Trois incontournables pour une culture Data-Driven en entreprise

Fatia Ghalem
Fatia Ghalem

Marketing Assistant France

Les 20 et 21 Novembre dernier, alors que nous étions présents sur DataMarketing Paris afin de présenter Priority Engine, notre solution ABM de détection d’intention, nous avons pu assister à la conférence donnée par Julien Lannelongue Directeur France et Europe du Sud chez Tableau Software, l’un des outils d’analyse de données leaders du secteur. Son sujet de prédilection : la culture data-driven. Plus précisément comment faire d’une entreprise traditionnelle une entreprise où la donnée règne en maitre pour optimiser l’organisation ou bien développer de nouvelles opportunités. Si 100% des entreprises interrogées souhaitent s’inscrire dans une approche data-driven selon une étude McKinsey citée par Julien Lannelongue seules 30% affirment y être parvenue…

Peut-être avant tout un problème de méthode alors que les outils et applications se multiplient ?

C’est pour partie le constat de Julien Lannelongue qui estime qu’un changement de culture ne doit rien laisser au hasard. Si, bien sûr, chaque entreprise connaît ses spécificités il n’en reste pas moins que des incontournables doivent être prise en compte en matière de stratégie data-driven. Ingénieur investit dès 2003 dans le monde du traitement et de l’exploitation de la donnée, Julien Lannelongue met en avant 3 éléments clés à considérer et ce quel que soit le profil de votre entreprise.

 

  • Tout d’abord, Il est important de mettre largement à disposition les données afin que chacun puisse être capable de créer ses propres analyses. L’enjeu est clairement de pouvoir mettre en place une gouvernance par l’autonomie et ce dans un environnement sécurisé. Concrètement, il s’agit de segmenter les équipes en deux rôles distincts ; une première qui gouvernera et délivrera les données et une seconde qui créera les analyses. Complémentaires ces rôles doivent être défini en amont afin d’assurer les échanges entre les équipes et de garantir la fiabilité et la compréhension de la donnée. Les premiers sont garant à la fois de l’intégrité de la donnée mais également de la recherche de solutions les plus ouvertes possibles.

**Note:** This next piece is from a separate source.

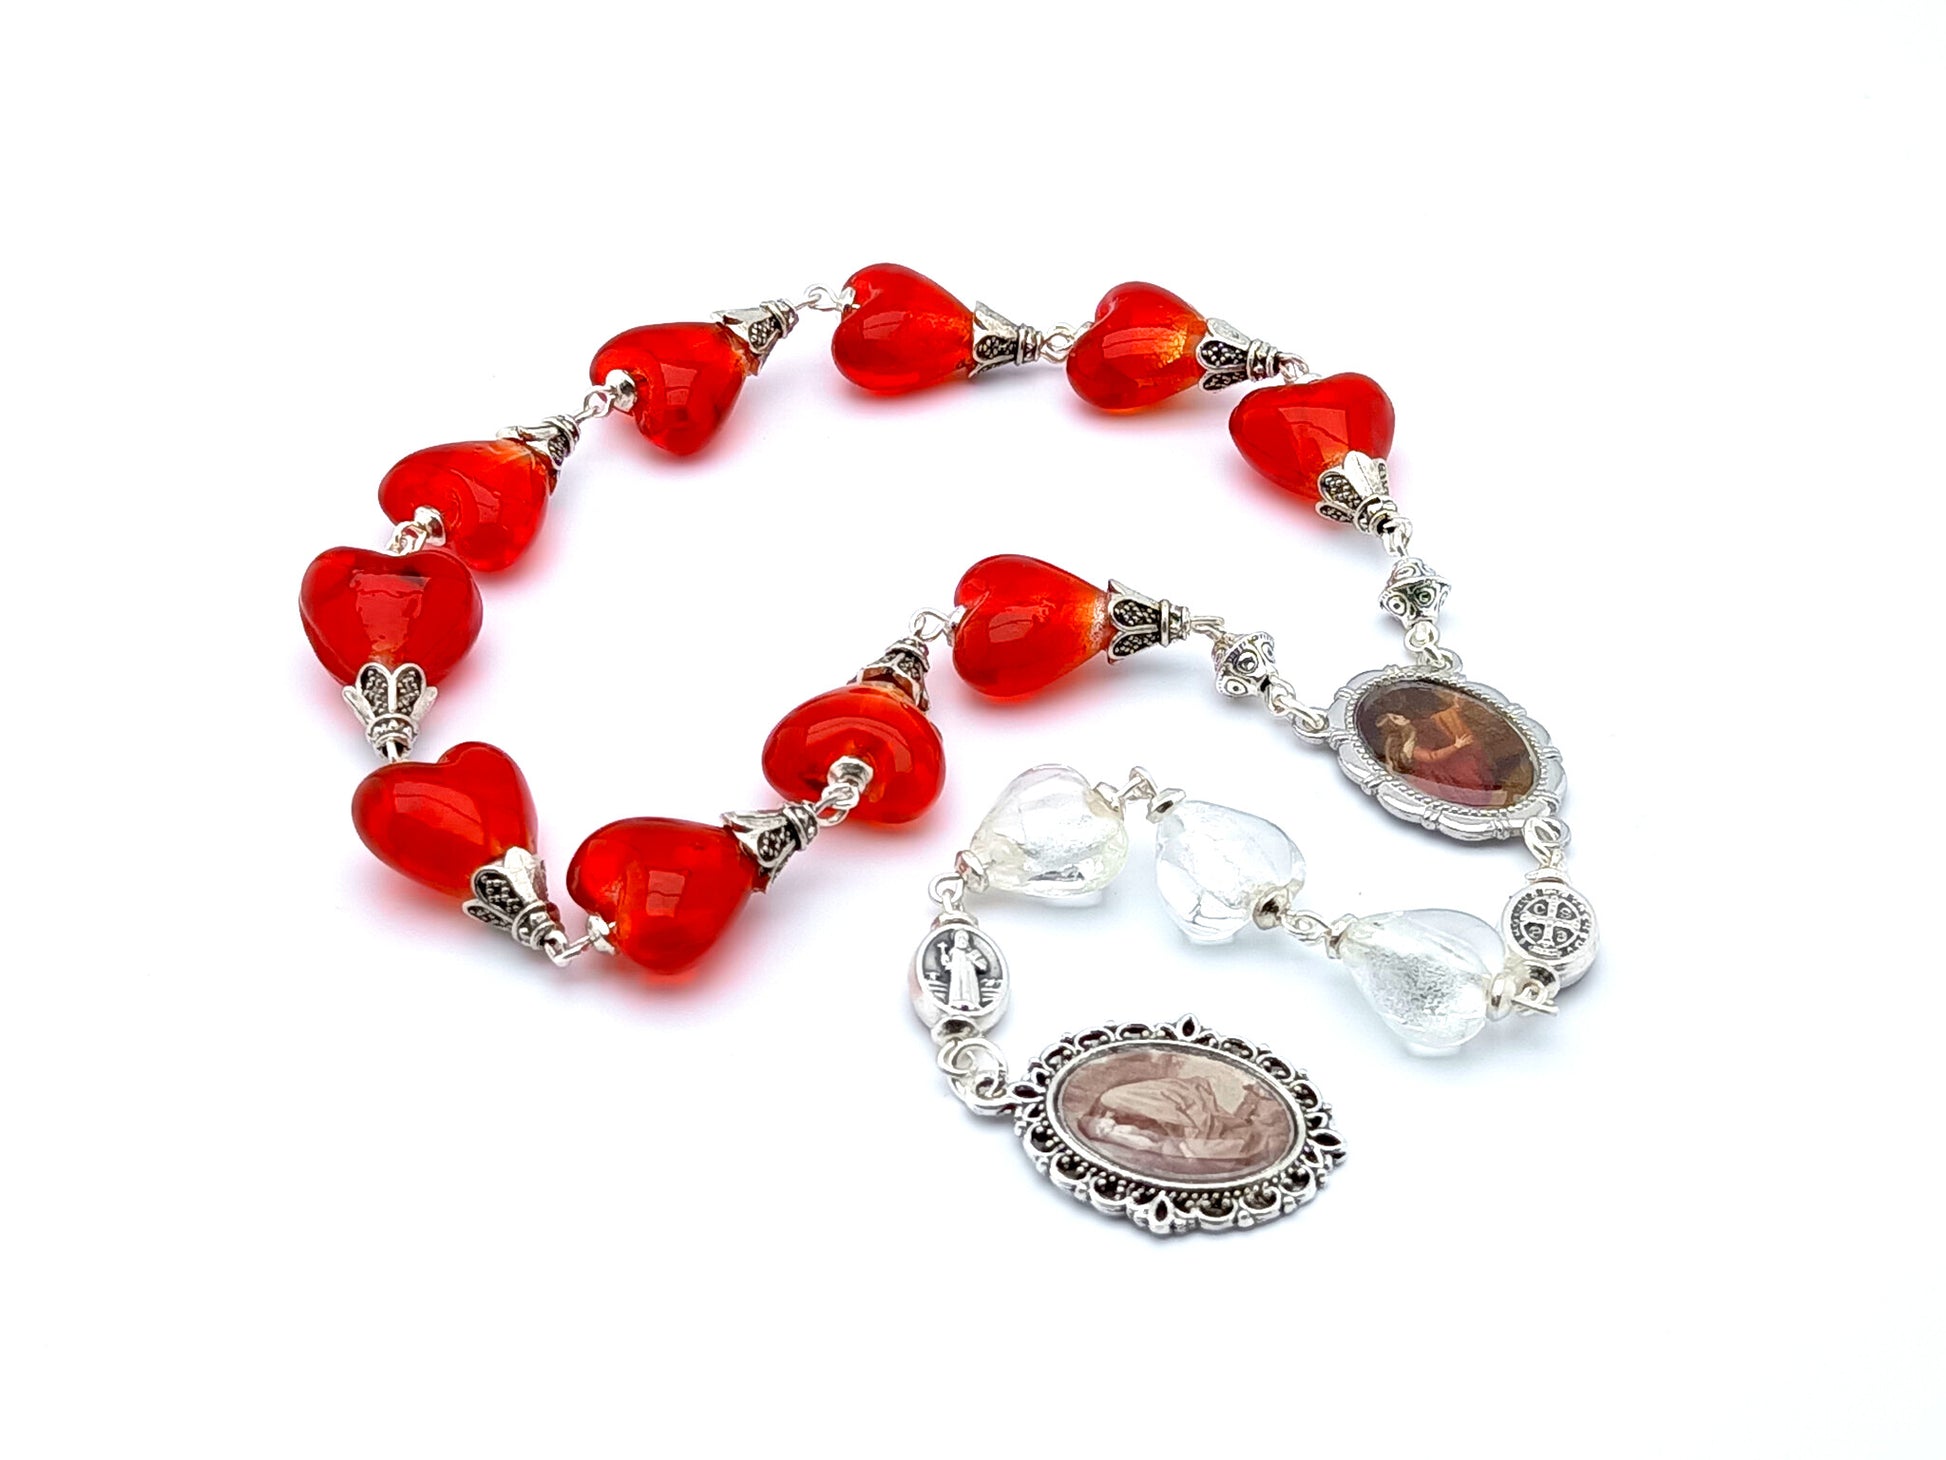 Red Glass Heart Beads

Les seconds peuvent produire des analyses en étant assuré de la pertinence et de l’exhaustivité des réponses produites.

 

  • Ensuite il s’agit de démocratiser l’accès aux données mais surtout parler le même langage. Selon Julien Lannelongue, cette phase de Datalphabétisation permet de favoriser la collaboration entre les différents métiers de l’entreprise. La communication interne est ainsi à valoriser afin d’optimiser le temps passé à analyser les données. Il s’agit d’inclure l’ensemble des services de l’entreprise dans le processus de décision sur l’exploitation et les conclusions.

 

  • Enfin, afin de fédérer l’ensemble des collaborateurs à l’utilisation de la donnée, la création d’une communauté est nécessaire. Ainsi, l’ensemble des collaborateurs peuvent se réunir et partager leurs best practices et approfondir leurs connaissances. Au final, l’instauration d’une culture Data-Driven doit se faire par des changements progressifs et doit surtout viser à simplifier l’utilisation de la donnée dans un contexte sécurisé.